Akka, called St. Jean d’Acre by the Crusaders centuries before, had become under the Ottoman Turks a flea-infested, malarial, desolate penal colony with a reputation for unhealthy air and water. A local proverb said that a bird flying over Akka would fall dead out of the sky, and those imprisoned there knew they faced a death sentence because of the terrible conditions.

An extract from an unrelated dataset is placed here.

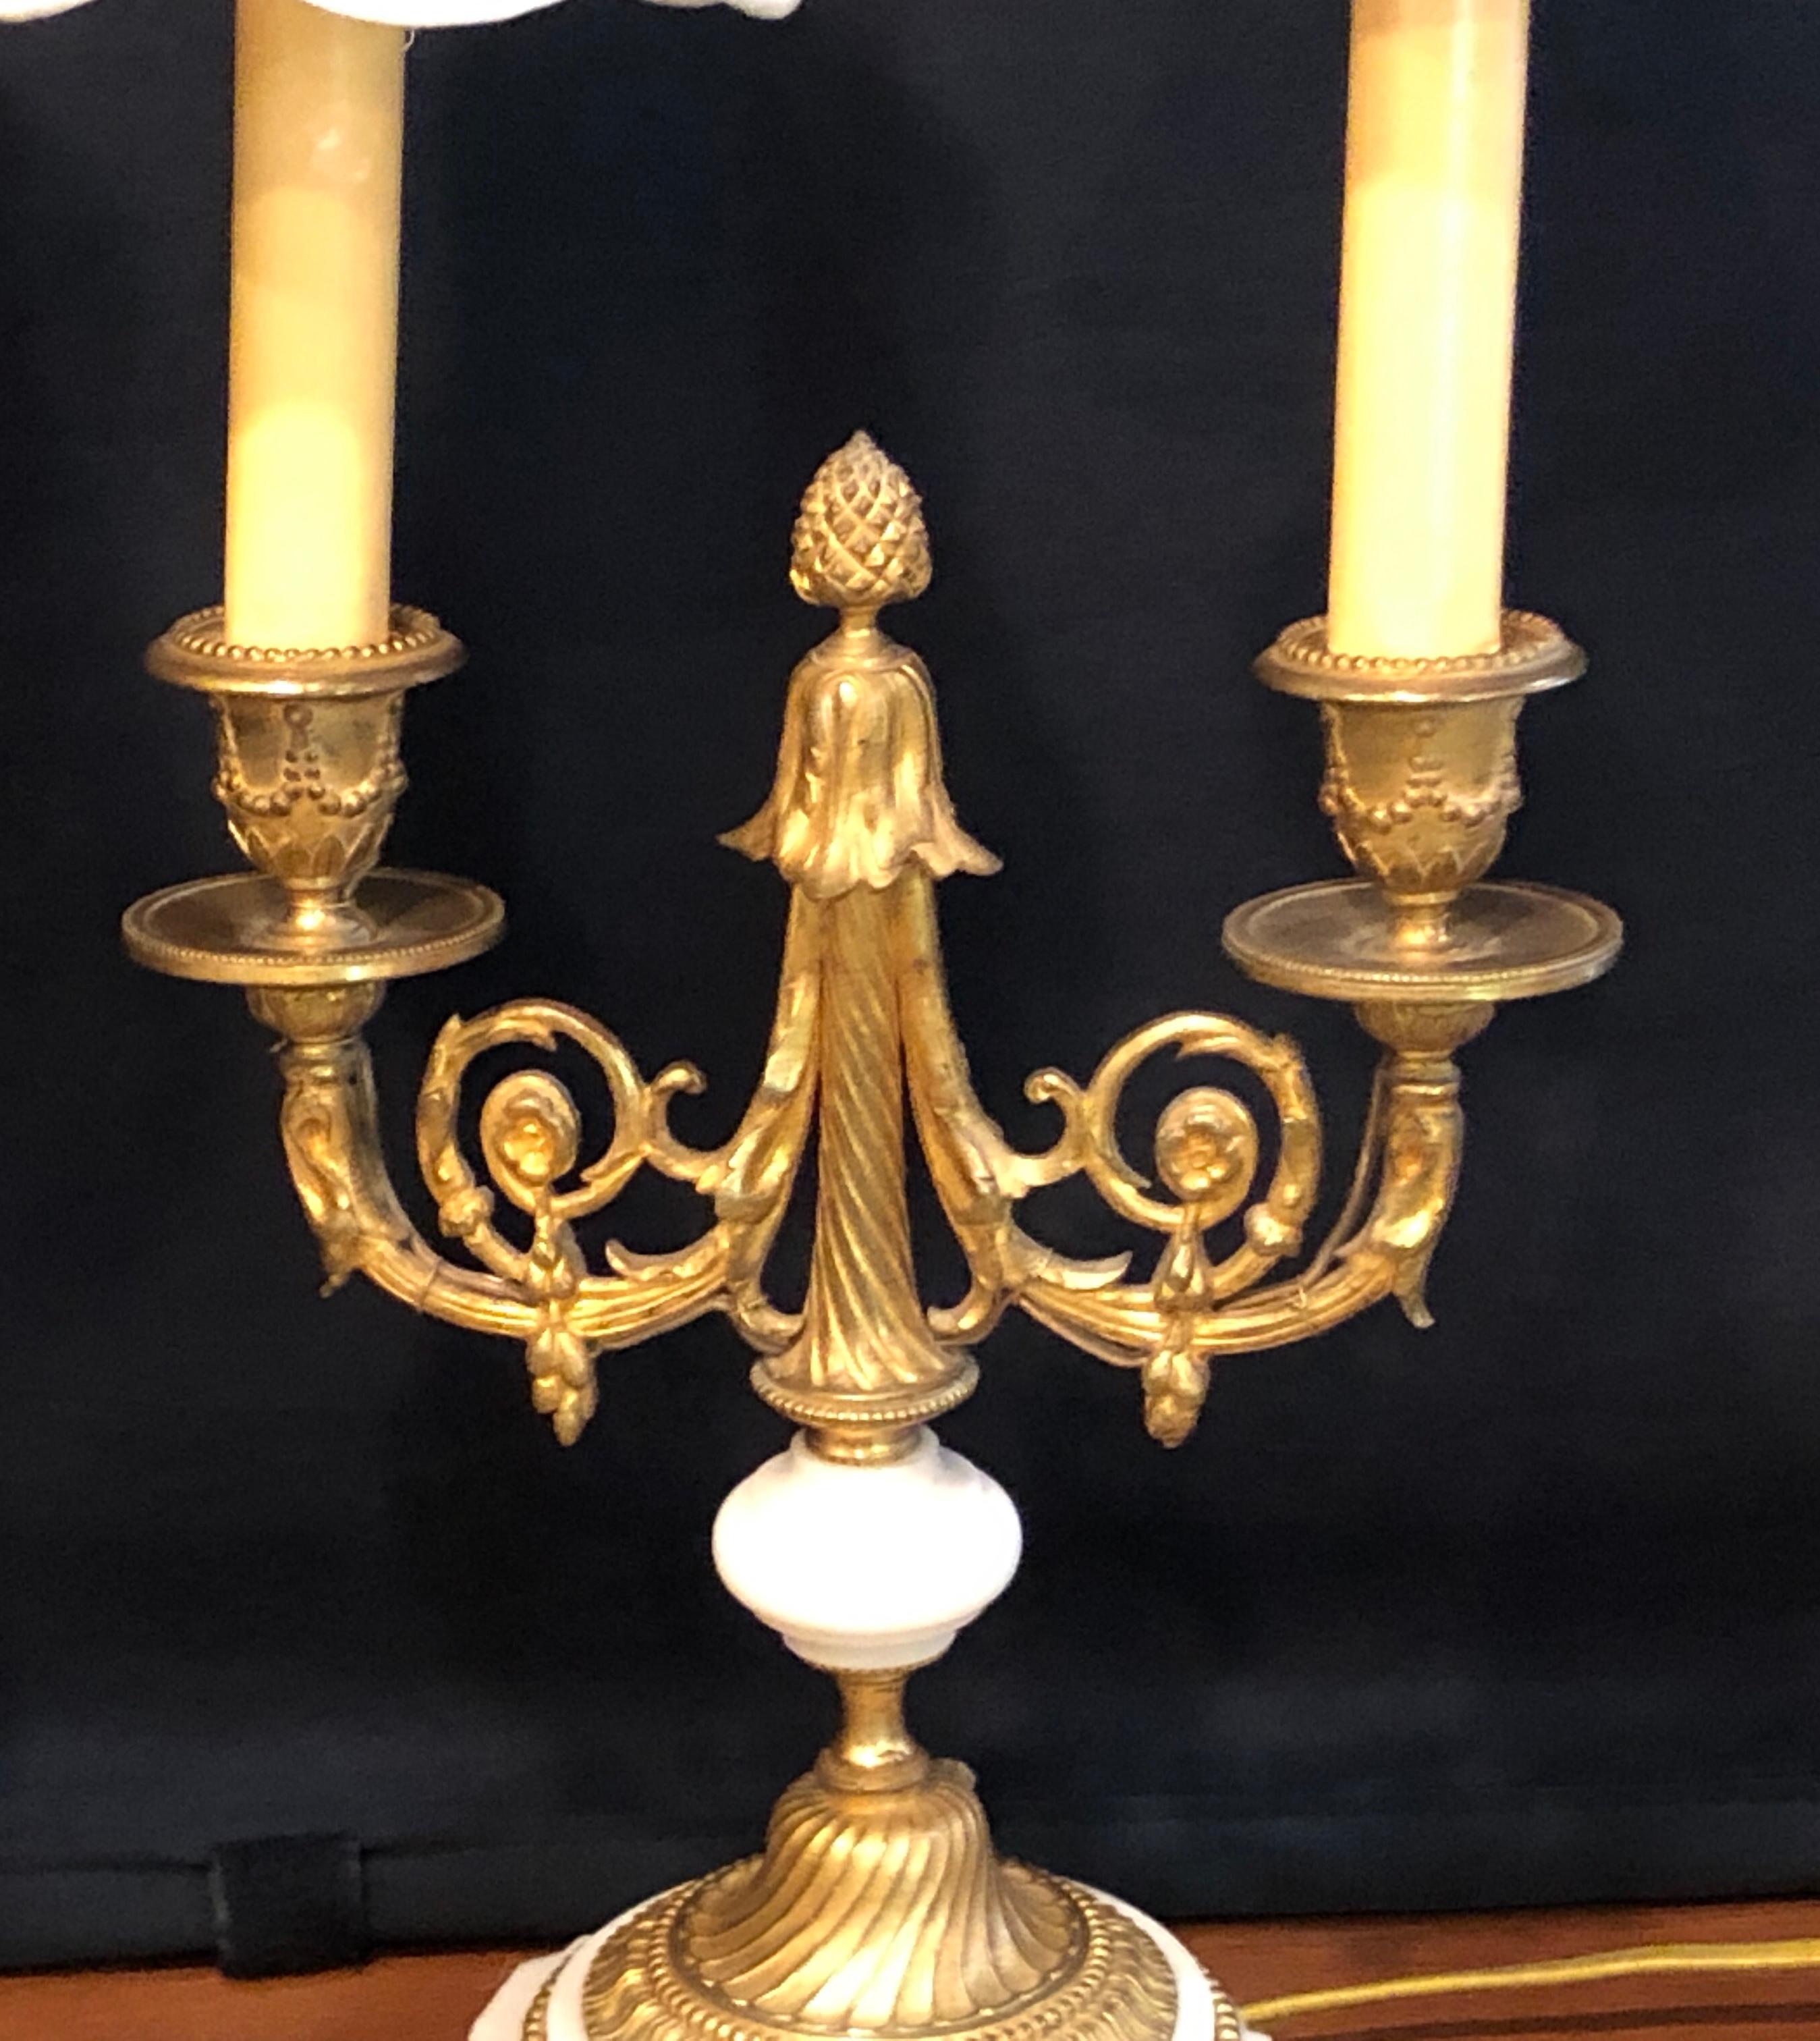 Pair of French Louis XVI style doré bronze and marble candelabra or table lamps. These fine 19th- early 20th century table lamps are simply stunning with the finest doré bronze castings one could hope for. Sitting on bronze feet and marble bases and

The jailers marched the exiles – men, women, and children – to a barracks within the walled city. Baha’u’llah’s young daughter Baha’iyyih recalled the ordeal:
When we had entered the barracks the massive door was closed upon us and the great iron bolts thrown home. I cannot find words to describe the filth and stench of that vile place. We were nearly up to our ankles in mud in the room into which we were led. The damp, close air and the excretions of the soldiers combined to produce horrible odors. Then, being unable to bear more, I fainted. As I fainted, those about me caught me before I fell; but because of the mud and filth there was no place upon which I could be laid. On one side of the room was a man weaving a mat for the soldiers. One of our friends took this mat and I was placed upon it. Then they begged for water, but they could not get it. The soldiers would permit no one to go out. There was a pool of water on the dirt floor, in which the mat-maker had been moistening his rushes. Some of this water was dipped up and strained and put to my lips. I swallowed a little and revived; but the water was so foul that my stomach rejected it, and I fainted again.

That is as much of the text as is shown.